DATASET:
☆ ☆ ☆ ☆

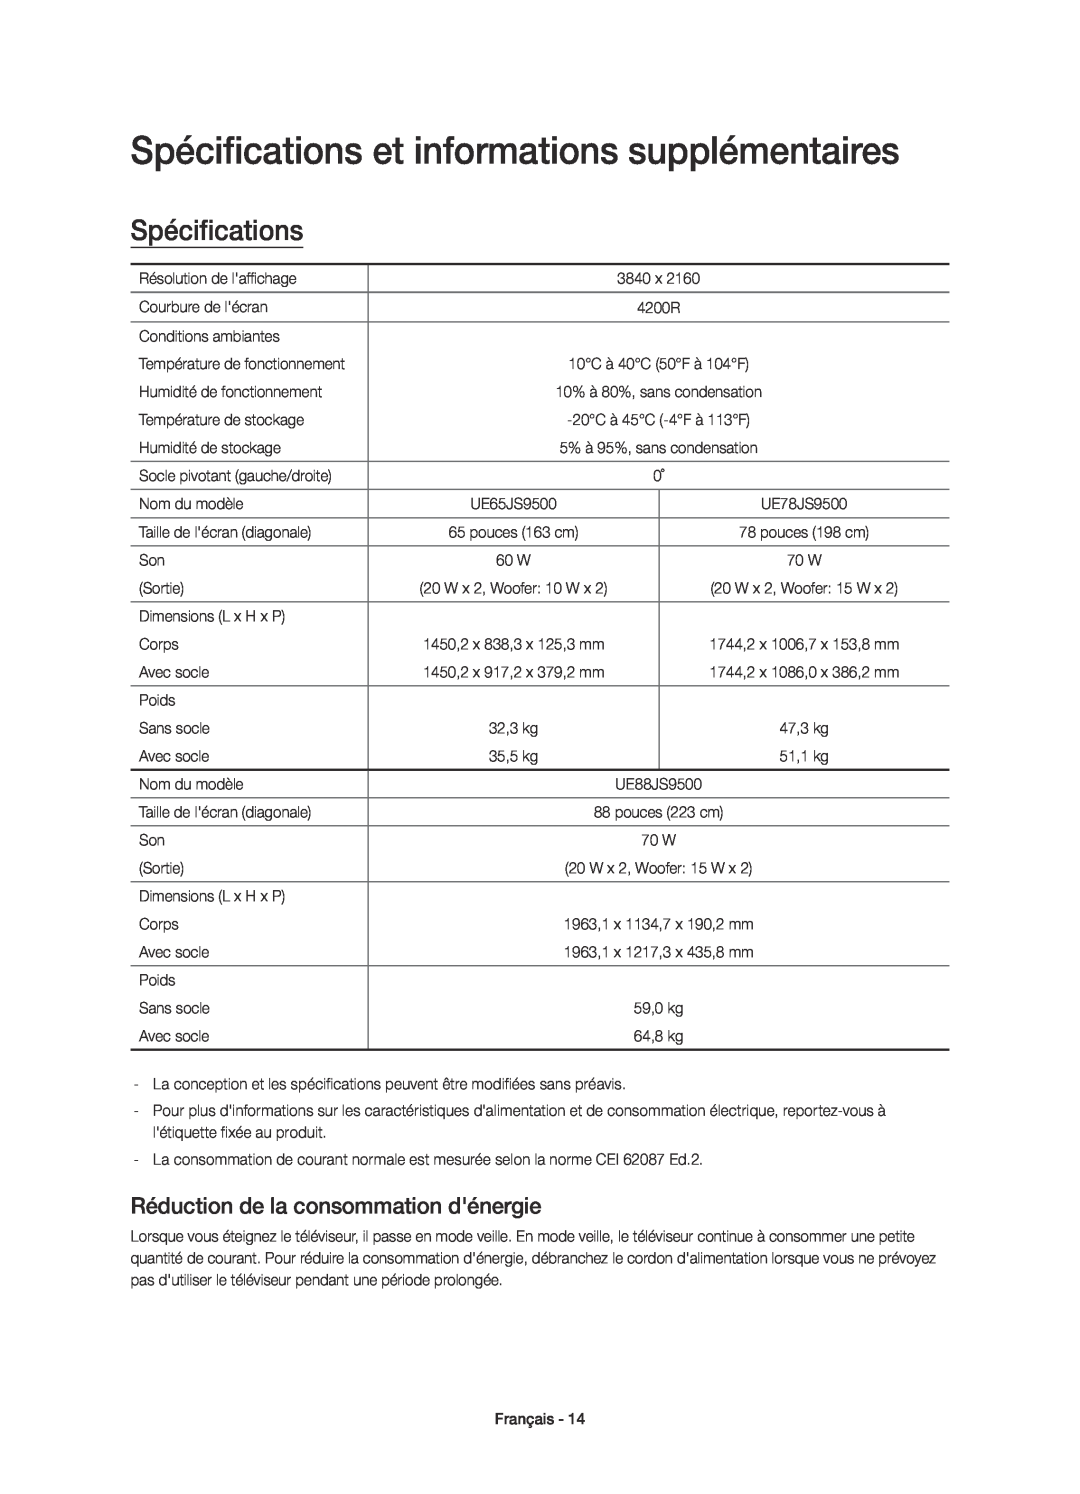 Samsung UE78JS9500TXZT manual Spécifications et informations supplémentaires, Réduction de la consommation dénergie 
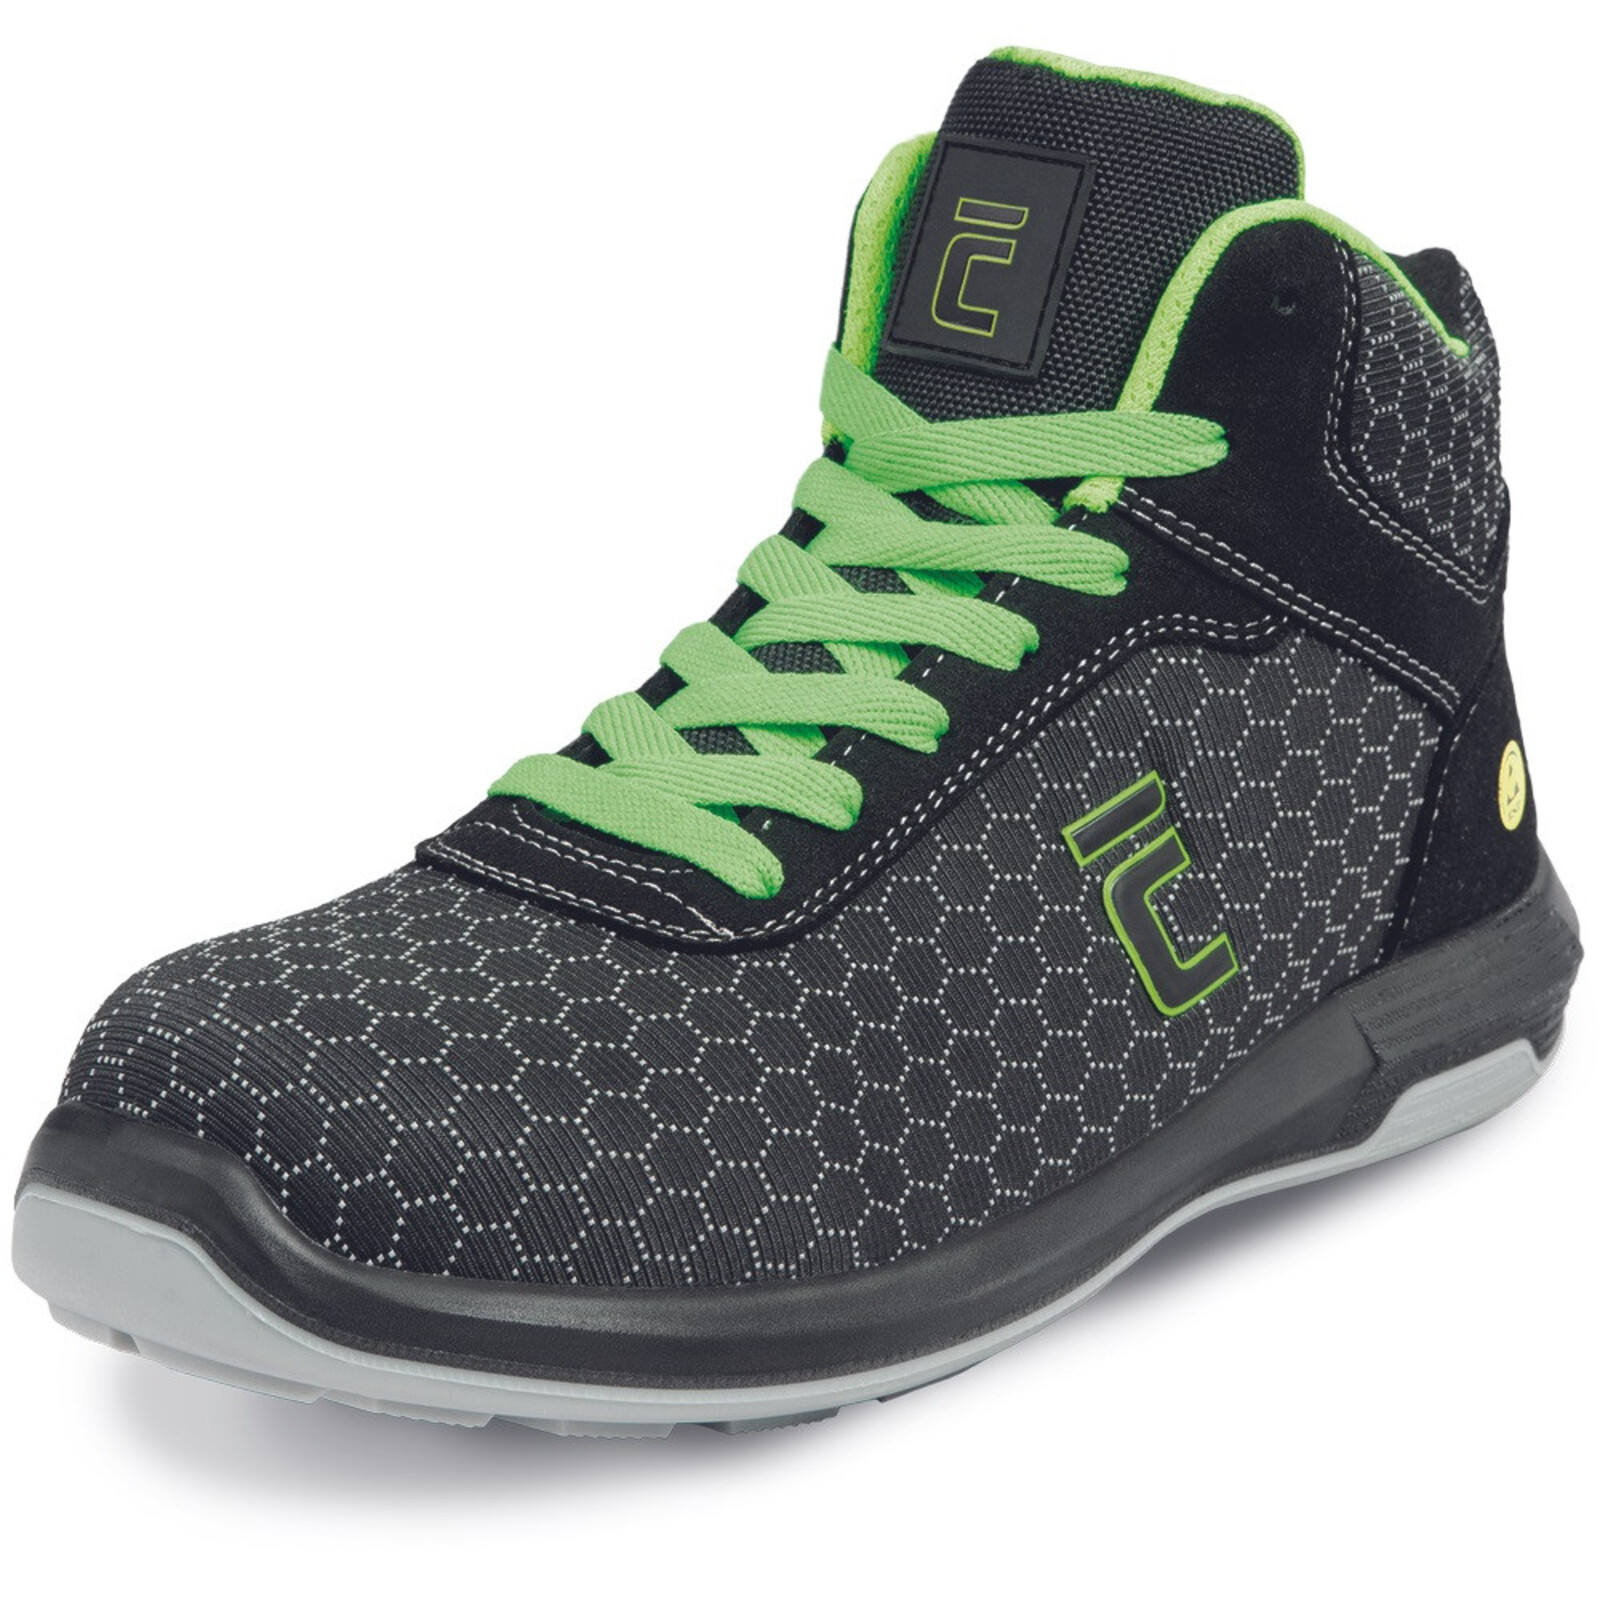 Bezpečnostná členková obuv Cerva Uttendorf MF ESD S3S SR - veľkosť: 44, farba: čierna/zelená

☆ ☆ ☆ ☆

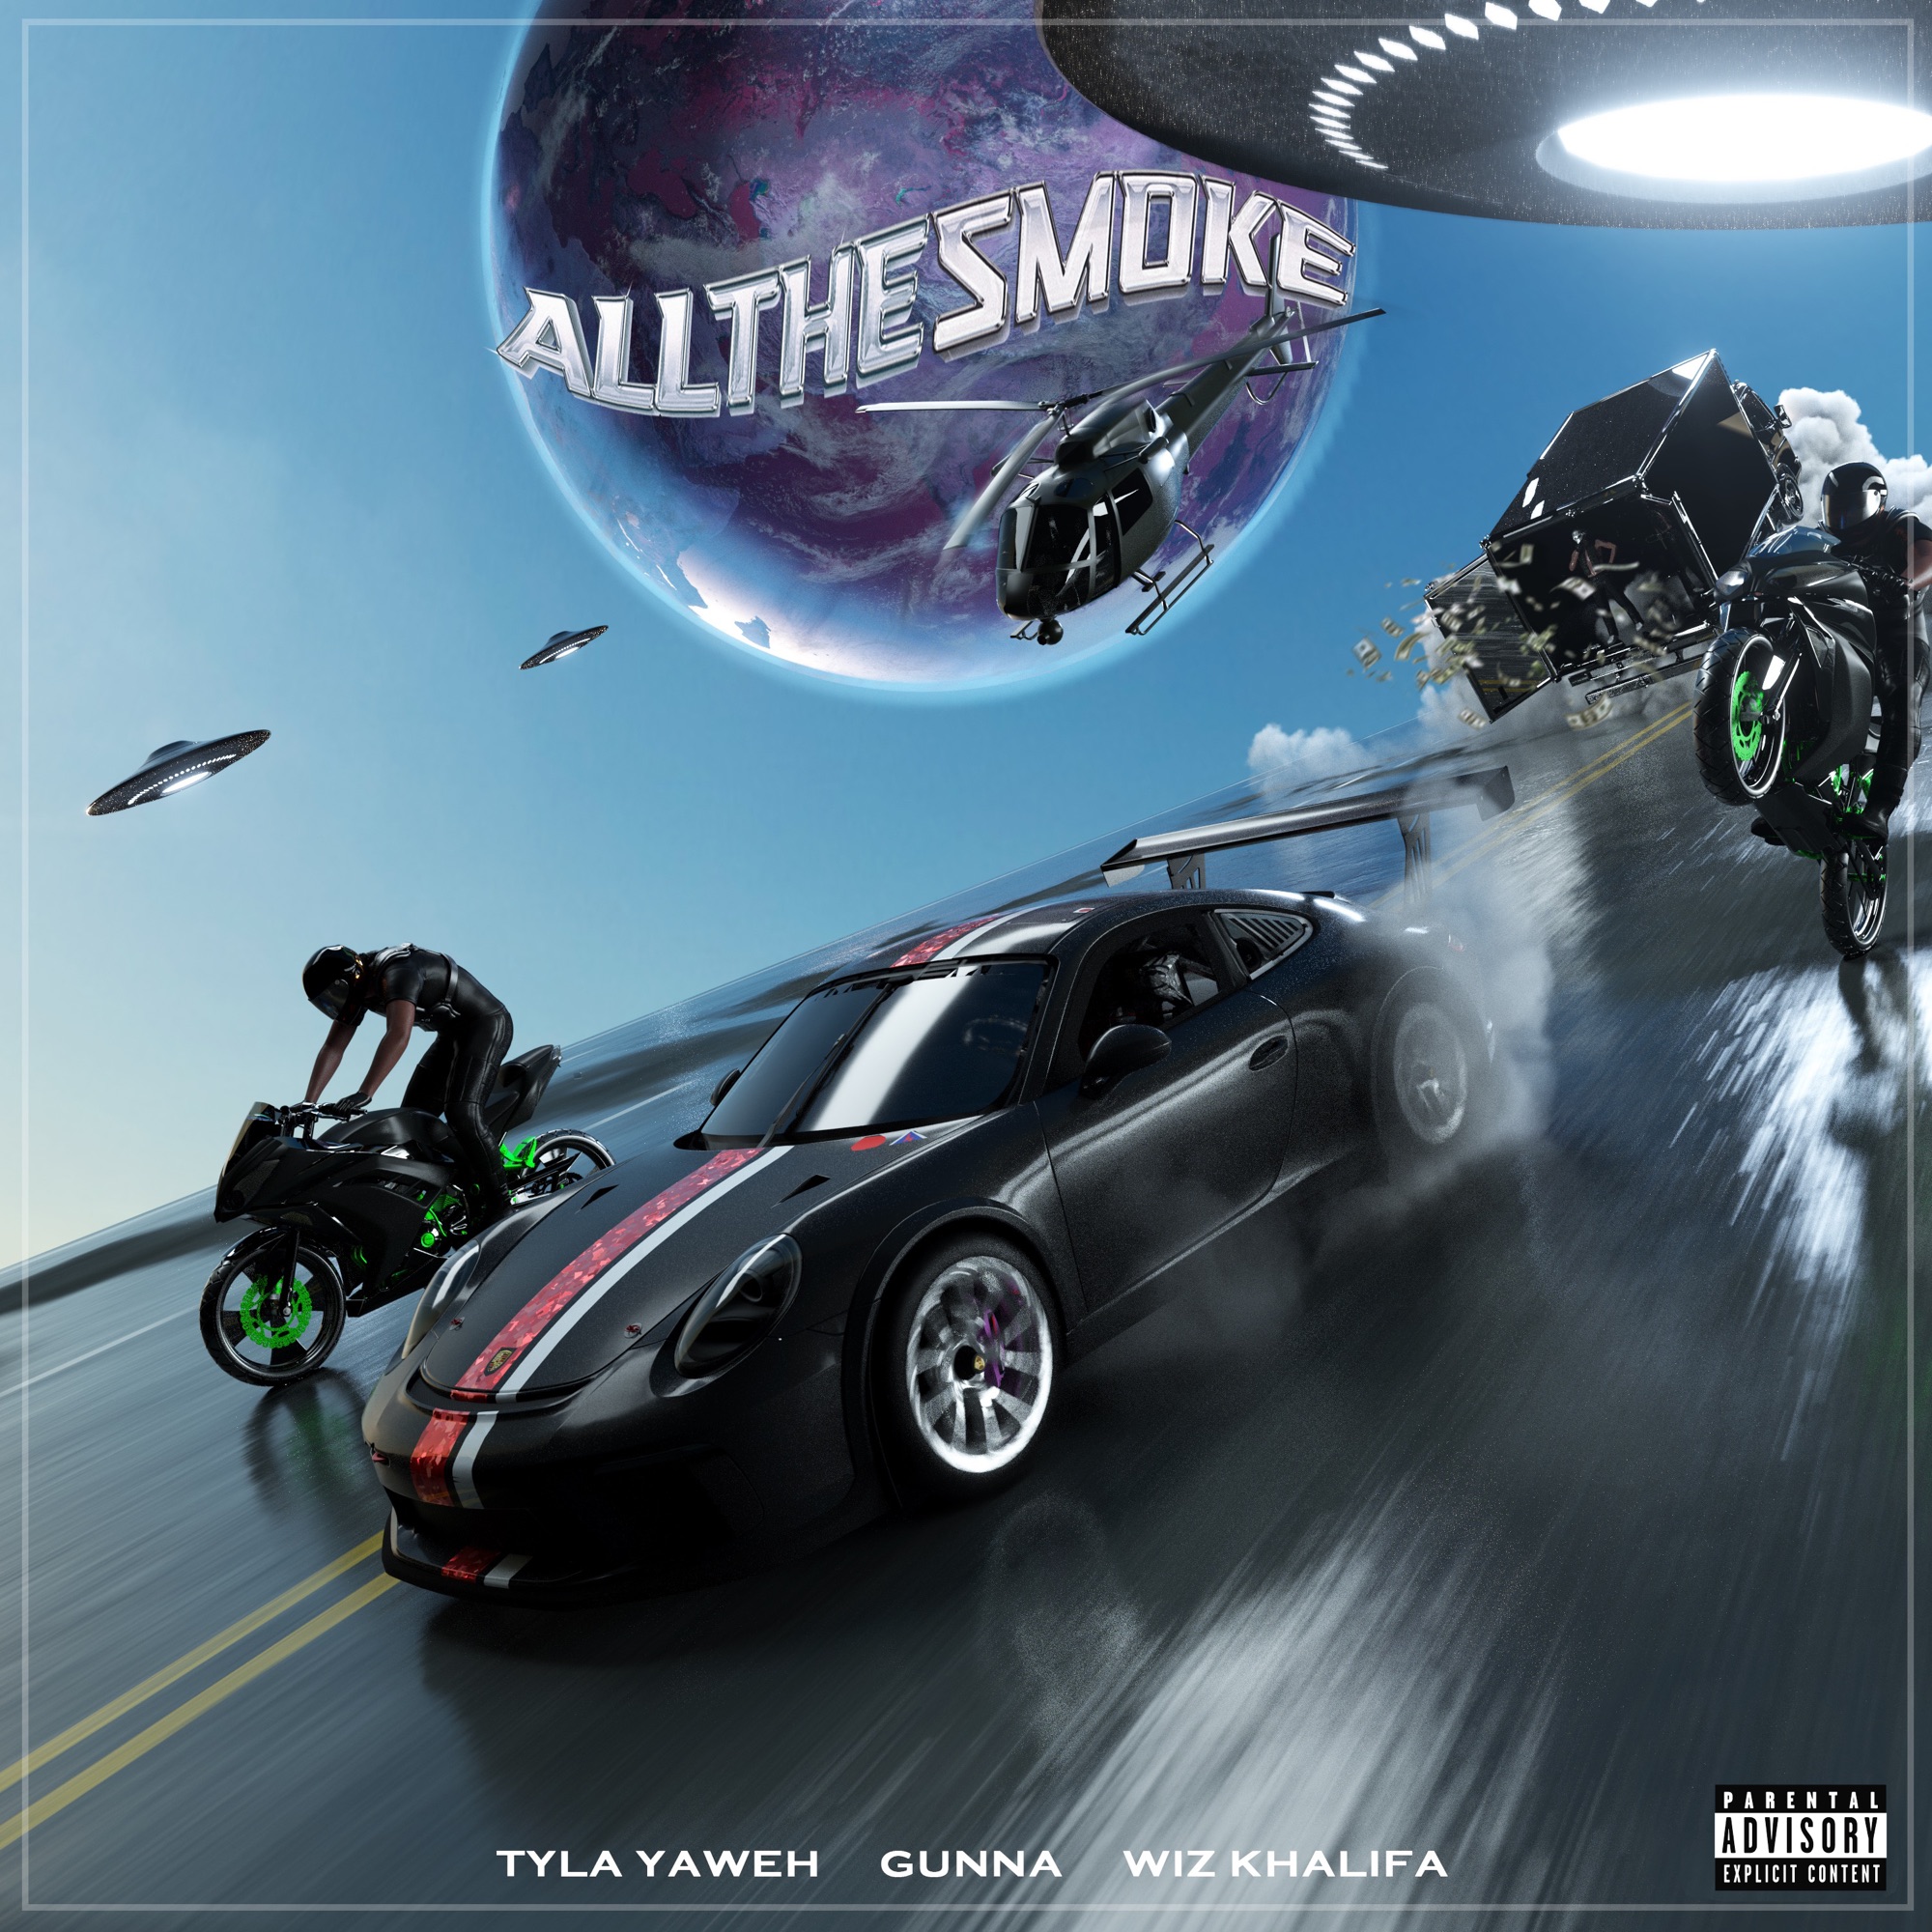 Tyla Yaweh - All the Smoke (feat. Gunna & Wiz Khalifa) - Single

☆ ☆ ☆ ☆

EXERCISE INSTRUCTIONS: Treat the line with "Samsung UE78JS9500TXZT manual" as the start and the line with "Bezpečnostná členková obuv" as the end, and return exactly that span of the data above, both ends included, without pictures.

REPLY:
 Samsung UE78JS9500TXZT manual Spécifications et informations supplémentaires, Réduction de la consommation dénergie 
 Bezpečnostná členková obuv Cerva Uttendorf MF ESD S3S SR - veľkosť: 44, farba: čierna/zelená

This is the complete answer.